Patchwork D7528: rust-matchers: add `FileMatcher` implementation

login
register
mail settings
Submitter phabricator
Date Nov. 29, 2019, 5:57 p.m.
Message ID <differential-rev-PHID-DREV-fft3gckyv37v2pkqtikr-req@mercurial-scm.org>
Download mbox | patch
Permalink /patch/43534/
State Superseded
Headers show

Comments

phabricator - Nov. 29, 2019, 5:57 p.m.
Alphare created this revision.
Herald added subscribers: mercurial-devel, kevincox, durin42.
Herald added a reviewer: hg-reviewers.

REVISION SUMMARY
  Mercurial defines an `exactmatcher`, I find `FileMatcher` to be clearer, but
  am not opposed to using the old name.

REPOSITORY
  rHG Mercurial

BRANCH
  default

REVISION DETAIL
  https://phab.mercurial-scm.org/D7528

AFFECTED FILES
  rust/hg-core/src/matchers.rs

CHANGE DETAILS




To: Alphare, #hg-reviewers
Cc: durin42, kevincox, mercurial-devel
phabricator - Dec. 10, 2019, 9:34 p.m.
martinvonz added inline comments.

INLINE COMMENTS

> matchers.rs:129-132
> +/// assert_eq!(true, matcher.matches(HgPath::new(b"a.txt")));
> +/// assert_eq!(false, matcher.matches(HgPath::new(b"b.txt")));
> +/// assert_eq!(false, matcher.matches(HgPath::new(b"main.c")));
> +/// assert_eq!(true, matcher.matches(HgPath::new(br"re:.*\.c$")));

Same comment as on another (already submitted) patch: the argument order feels backwards. Do you mind changing it?

> matchers.rs:136
> +pub struct FileMatcher<'a> {
> +    files: HashSet<&'a HgPath>,
> +    dirs: DirsMultiset,

It would be slightly simpler if the paths were owned. It doesn't seem too expensive to take ownership of the paths.

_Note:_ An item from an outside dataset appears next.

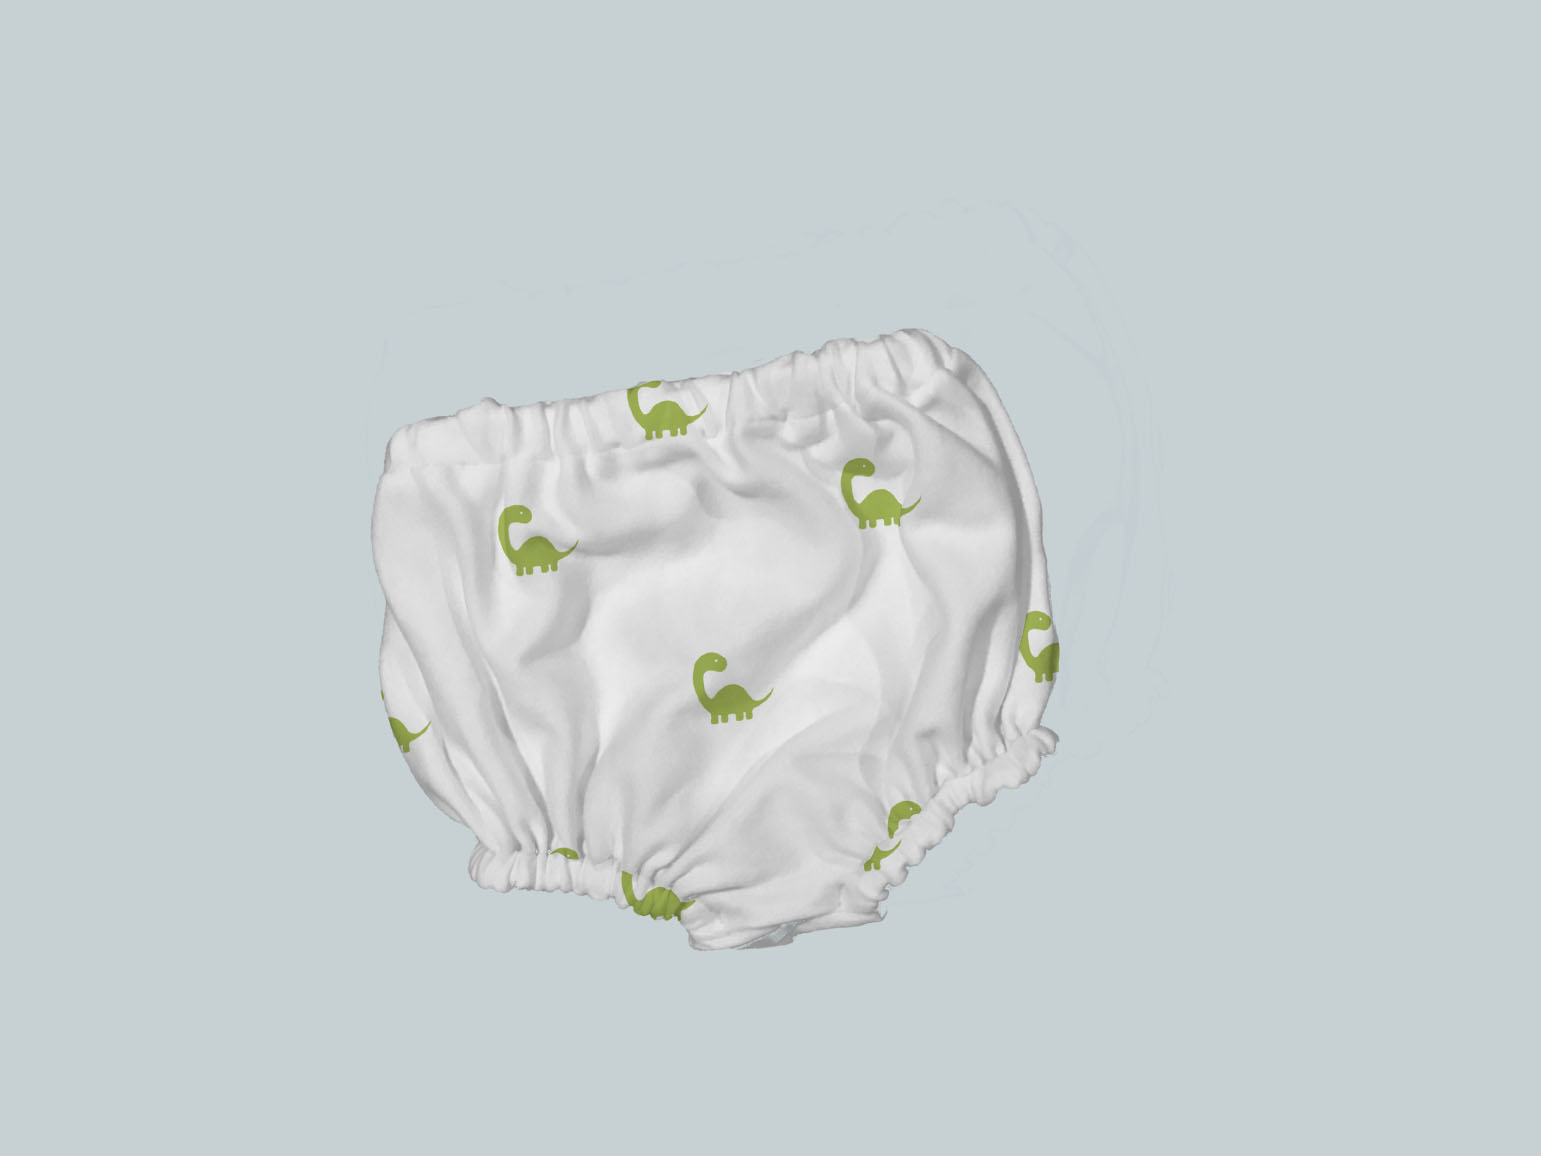 Bummies/Diaper Cover - Tiny Dino

Do we have any call sites in this series that we can look at?

REPOSITORY
  rHG Mercurial

CHANGES SINCE LAST ACTION
  https://phab.mercurial-scm.org/D7528/new/

REVISION DETAIL
  https://phab.mercurial-scm.org/D7528

To: Alphare, #hg-reviewers
Cc: martinvonz, durin42, kevincox, mercurial-devel
phabricator - Dec. 11, 2019, 9:29 a.m.
Alphare added inline comments.

INLINE COMMENTS

> martinvonz wrote in matchers.rs:136
> It would be slightly simpler if the paths were owned. It doesn't seem too expensive to take ownership of the paths. Do we have any call sites in this series that we can look at?

There is a single call site for now in D7529 <https://phab.mercurial-scm.org/D7529>, it's really straightforward.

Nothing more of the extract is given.